Невыносимые даже для самых сильных натур трудности первой кампании года сломили здоровье Виктора. Ему были предписаны купания в Аахене, и он находился в этом городе, когда бегство Бонапарта с Эльбы послужило сигналом к новой кровавой войне. Когда стали готовиться к новой кампании, то и Виктор получил из столицы приглашение, если здоровье позволит ему, присоединиться к нижнерейнской армии. Но судьба позволила ему совершить поездку на расстояние всего пяти часов пути. Как раз у ворот дома, где застал его друг, лошадь Виктора, спокойная и бесстрашная в прежнее время, испытанная в нескольких сражениях, вдруг чего-то испугалась, встала на дыбы — и Виктор свалился с нее, по его собственным словам, как мальчишка, в первый раз севший на лошадь. Он лишился чувств от кровотечения из раны в голове, полученной им при падении на острый камень. Виктора перенесли в дом, и так как всякое путешествие было опасно для его здоровья, он должен был ожидать здесь полного выздоровления. Виктор не совсем поправился и до настоящей минуты, так как, хотя рана и зажила, его мучала лихорадка. В конце рассказа Виктор рассыпался в горячих похвалах по адресу заботливого ухода, которым окружила его баронесса.
— Ну, — вскричал Альберт, громко засмеявшись, — этого я никак не ожидал. Я ожидал каких-нибудь чудесных, необыкновенных историй, а все дело — не обижайся, пожалуйста, — сводится к самому обыкновенному приключению, какое можно прочитать в любом романе, так что даже неприлично переживать его порядочному человеку. Раненого рыцаря приносят в замок; хозяйка замка ухаживает за ним, и рыцарь становится ее обожателем. Ведь ты, Виктор, вопреки своему прежнему вкусу, вопреки прежнему образу жизни, теперь влюбился в вульгарную, толстую женщину, которая до того домовита и хозяйственна, что чертям тошно; ты играешь роль влюбленного томного мальчика, который, как говорится, вздыхает, как печка, и слагает стихи в честь своей милой. Все это я склонен приписать твоей болезни.
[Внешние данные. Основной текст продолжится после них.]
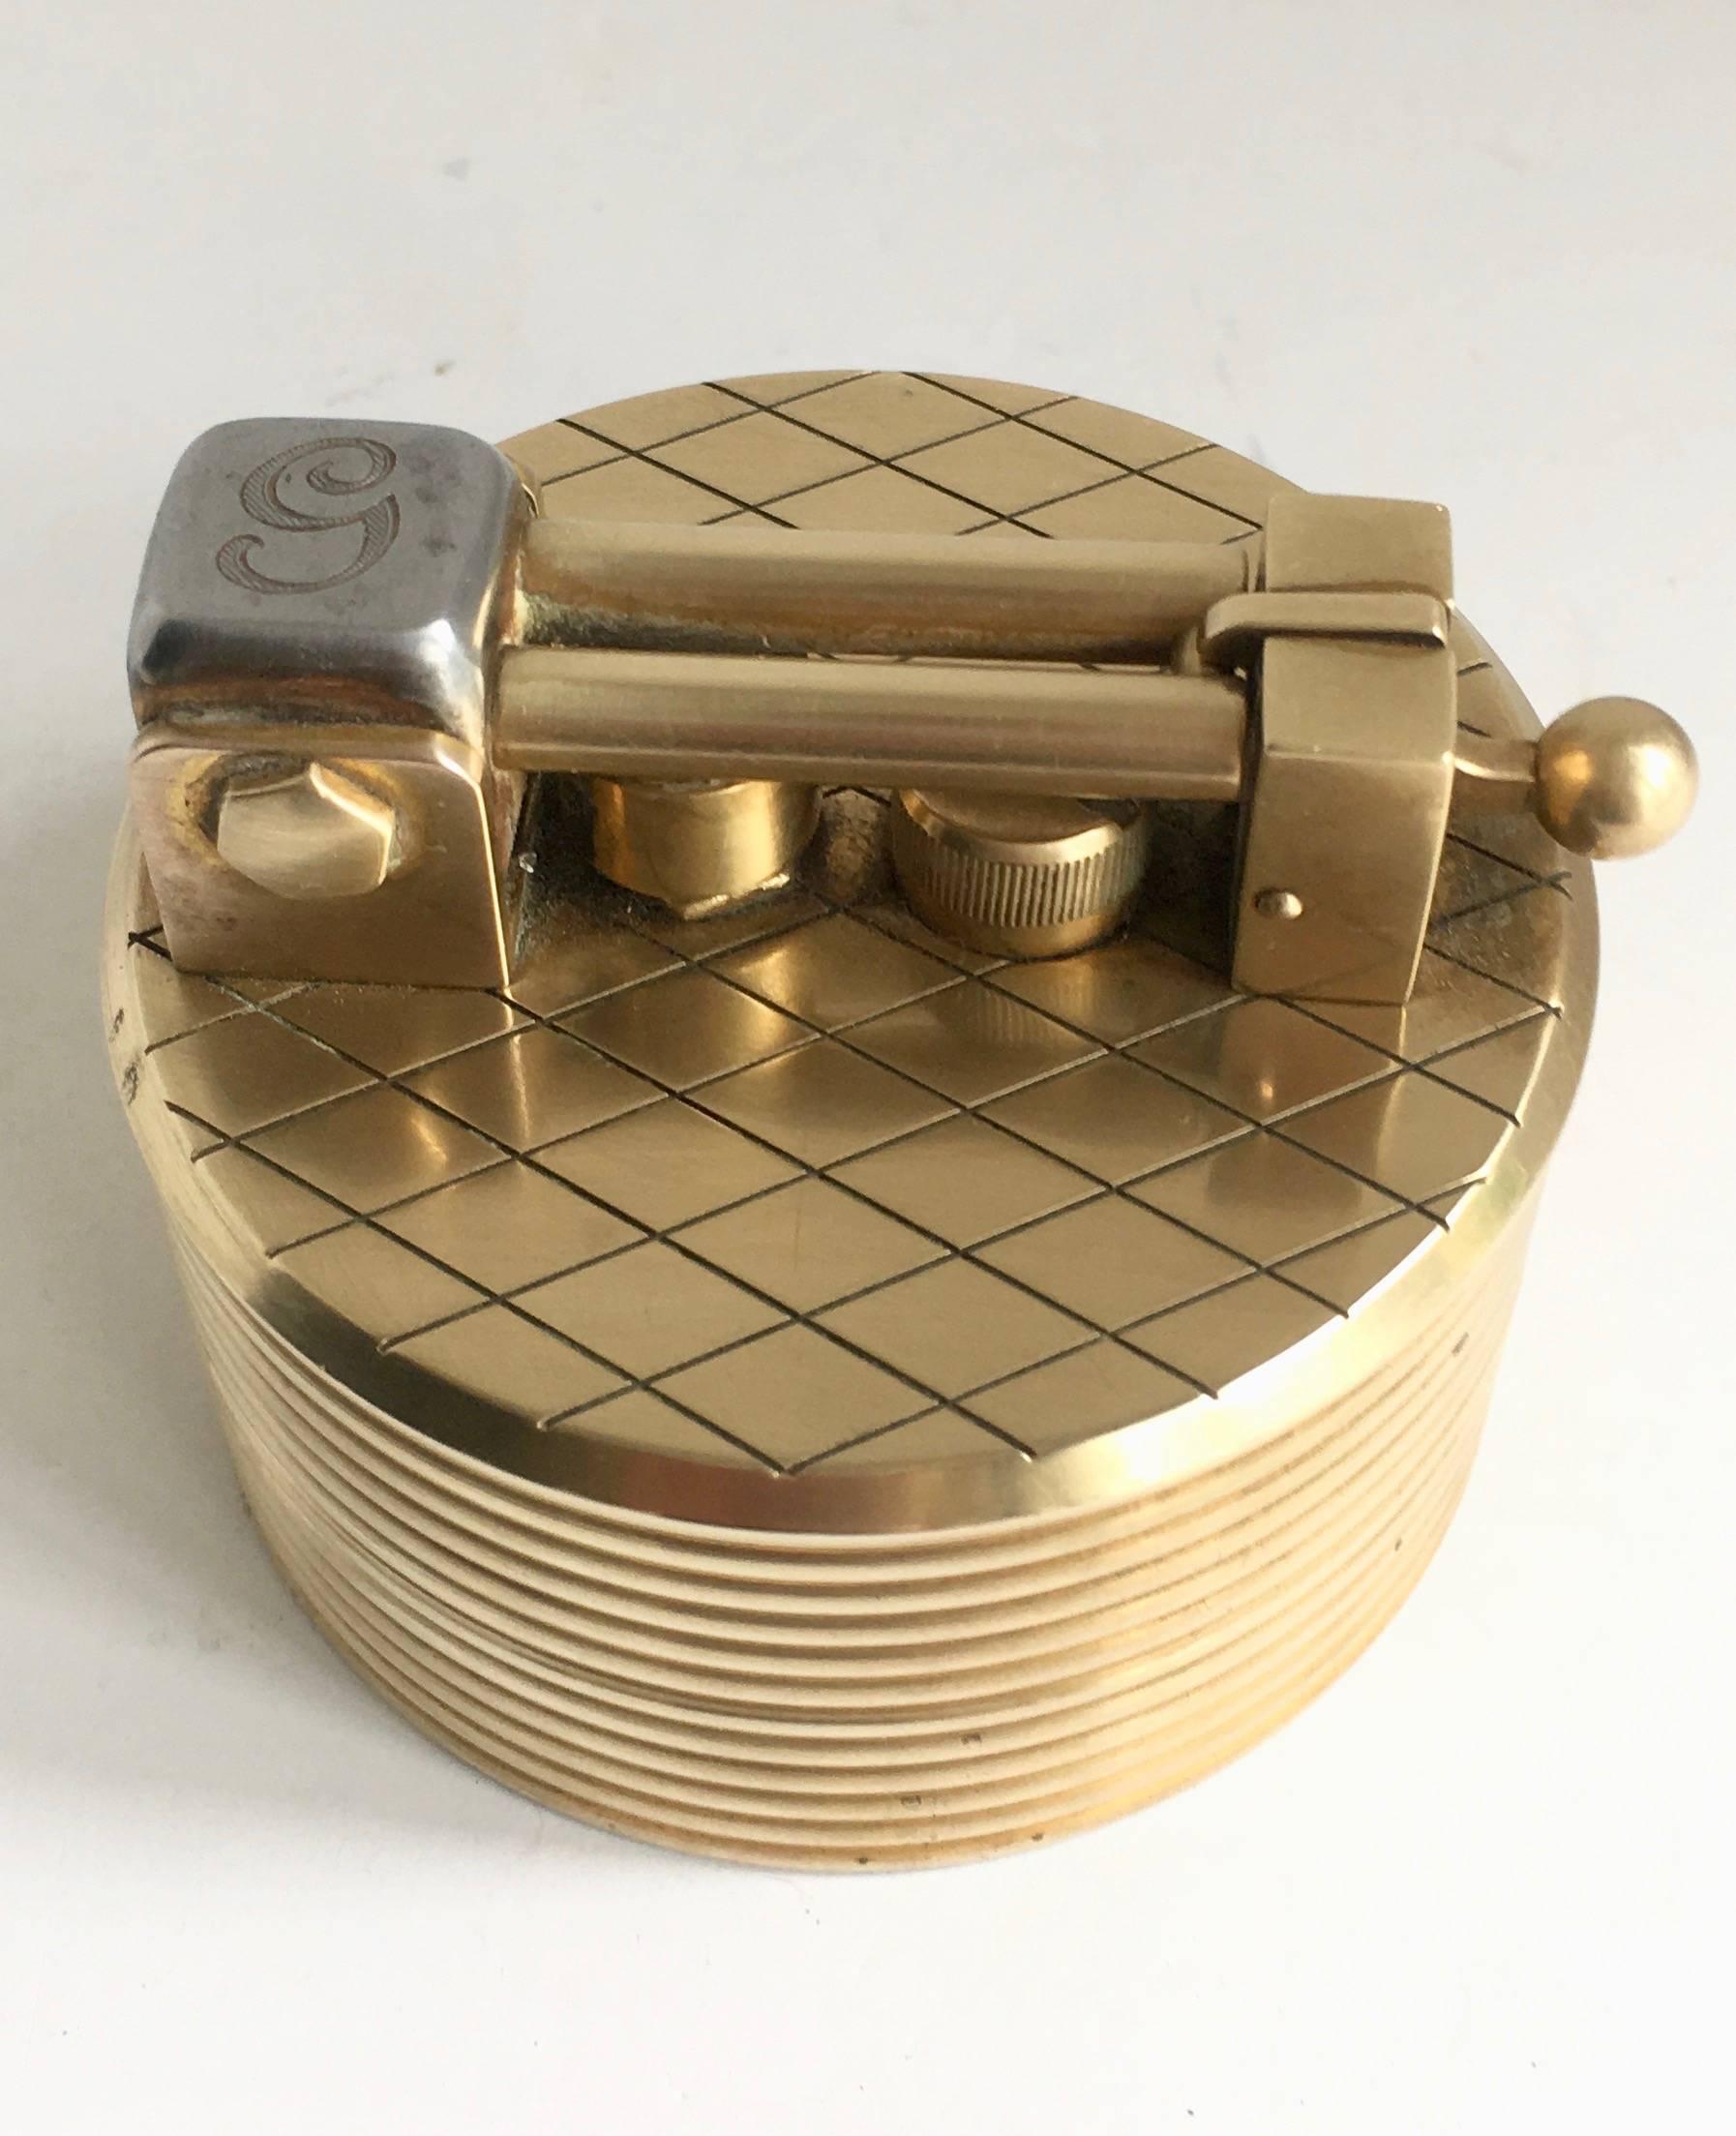 A gold-plated Gubelin lighter created by Dunhill in the 1960s - this piece is extraordinary and beautiful - Machine Age, industrial look... would be a great conversation piece or also could be used as a paper weight. While this does not currently

Единственное, что может тебя извинить и выставить в поэтическом свете — это испанский принц, который в одинаковых с тобой условиях попал в замок доньи Менции, где нашел возлюбленную, о которой не подозревал раньше.
— Стой, — вскричал Виктор, — стой! Неужели ты думаешь, что я не понимаю и не чувствую этого, хотя я кажусь тебе пошлым фатом. Но тут замешано нечто иное, таинственное. Теперь же выпьем.
Вино и живой разговор с Альбертом подействовали на Виктора благоприятно. Он словно очнулся от тяжкого сна. Когда же, наконец, Альберт, поднимая полный стакан, сказал: «Ну, Виктор, дорогой принц, да здравствует донна Менция в виде нашей маленькой толстой хозяйки», Виктор возразил, улыбаясь:
— Нет, я не могу перенести того, что ты считаешь меня пошлым фатом. Я чувствую, что на душе у меня просветлело, и готов тебе все рассказать и во всем признаться. Но придется коснуться совсем другого периода моей жизни, примыкающего к юности, и возможно, мой рассказ займет добрую половину ночи.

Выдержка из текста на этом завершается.